# One of Quebec's leading photojournalists has all is archives stolen



## IMG_0001 (Jul 16, 2015)

Sorry for the main article being in french, but its a saddening, angering and somewhat stunning story. After hearing about stolen camera gear from the games, this story puts things in perspective. Gear is expensive, but can be replaced. On the other end, your work can't be replaced...

Jacques Nadeau, one of Quebec's leading photojournalists, has just had all is archives (and TV) stolen from is Montreal's appartment. The camera gear and other valuables were left alone. For example, his 300mm prime was sitting on the table and left there, but the burglars stole all his printed archives and all is hard drives. Incredibly, Nadeau did not have off-location backups except for his later news work, which is archived at Le Devoir, where he is a staff photographer. These archives are not full resolution however. He is also appalled that he has lost all of his work for his next photo book project. All he has left is a few USB sticks...

Nadeau was known for taking some of the most poignant portraits of Quebec's and Canada's politicians for the last 35 years or so.
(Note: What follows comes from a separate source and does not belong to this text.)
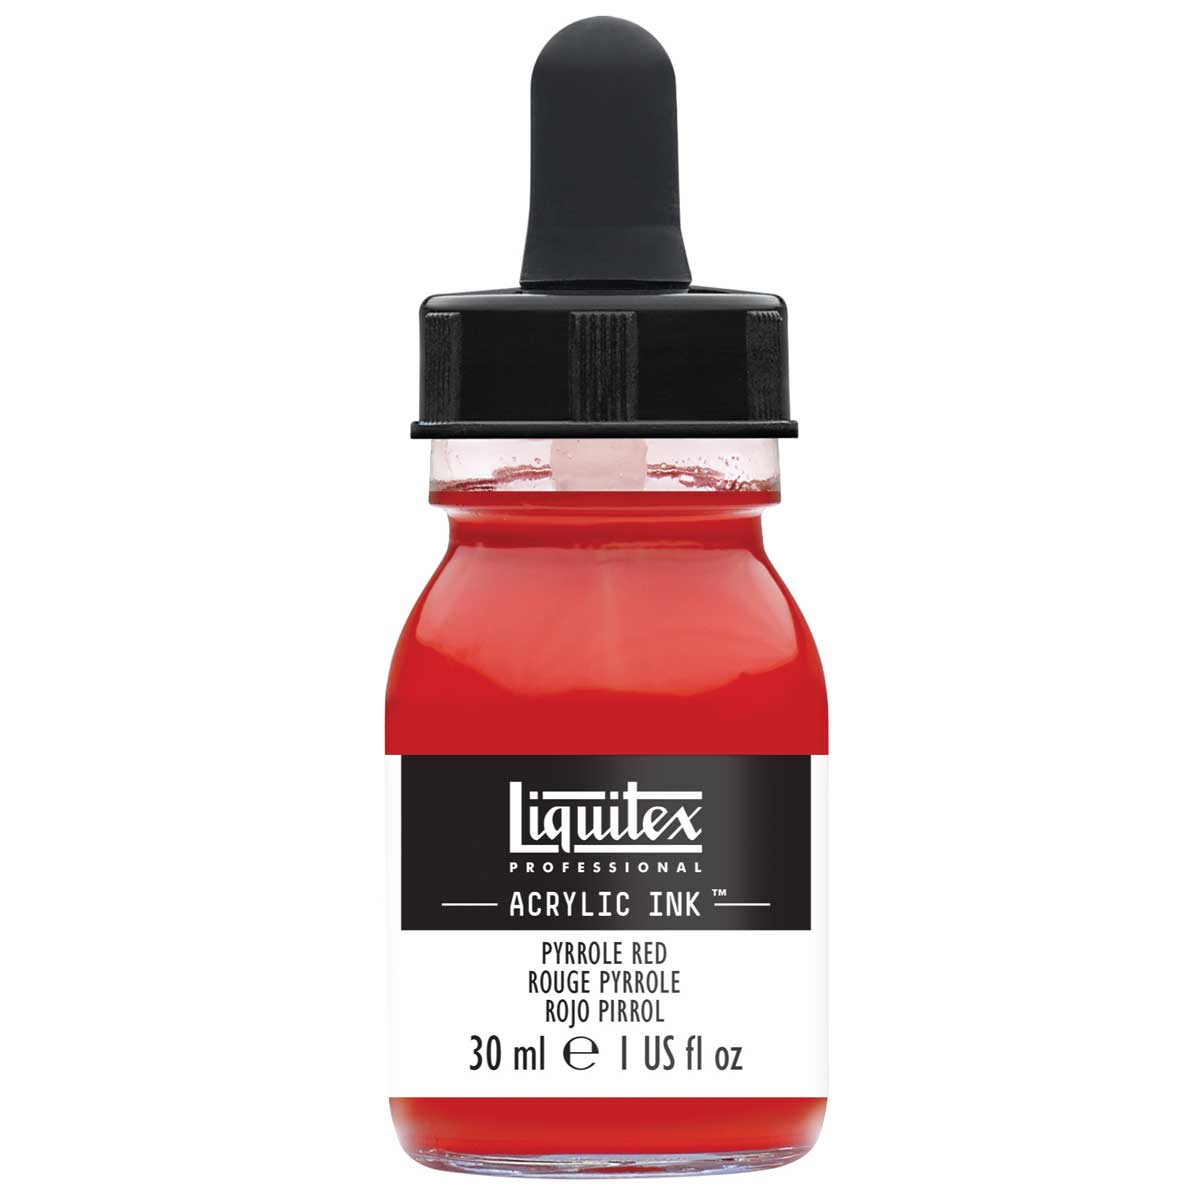 Liquitex Professional Acrylic Ink - Pyrrole Red 30ml/1oz

Now, his life's work has vanished. I'm floored (and I'm going to back up my drives, I swear...).

Full story in french
http://www.ledevoir.com/societe/actualites-en-societe/445148/vol-chez-jacques-nadeau

short story in english
http://montreal.ctvnews.ca/montreal-photographer-jacques-nadeau-s-life-s-work-stolen-1.2470355
http://petapixel.com/2015/07/15/photojournalist-loses-lifes-work-after-burglars-steal-hard-drives/


----------



## Don Haines (Jul 16, 2015)

Having one's backup in the same room/building is like having no backup at all.....

The thieves come, they take the computer, and they take the backup drive sitting beside it......

The building catches fire, the computer burns, and the backup beside it burns....

and if you have no backup, remember it not a case of "if" your hard drive will fail, but "when" your hard drive will fail.

Any professional should have an offsite backup as part of their operating plan. Let this be a lesson to those who do not!


----------



## Maximilian (Jul 16, 2015)

Pitty over the thieves! 

But...


IMG_0001 said:


> ... Nadeau did not have off-location backups except for his later news work...



that's the truth


Don Haines said:


> ... Any professional should have an *offsite backup* as part of their operating plan. Let this be a lesson to those who do not!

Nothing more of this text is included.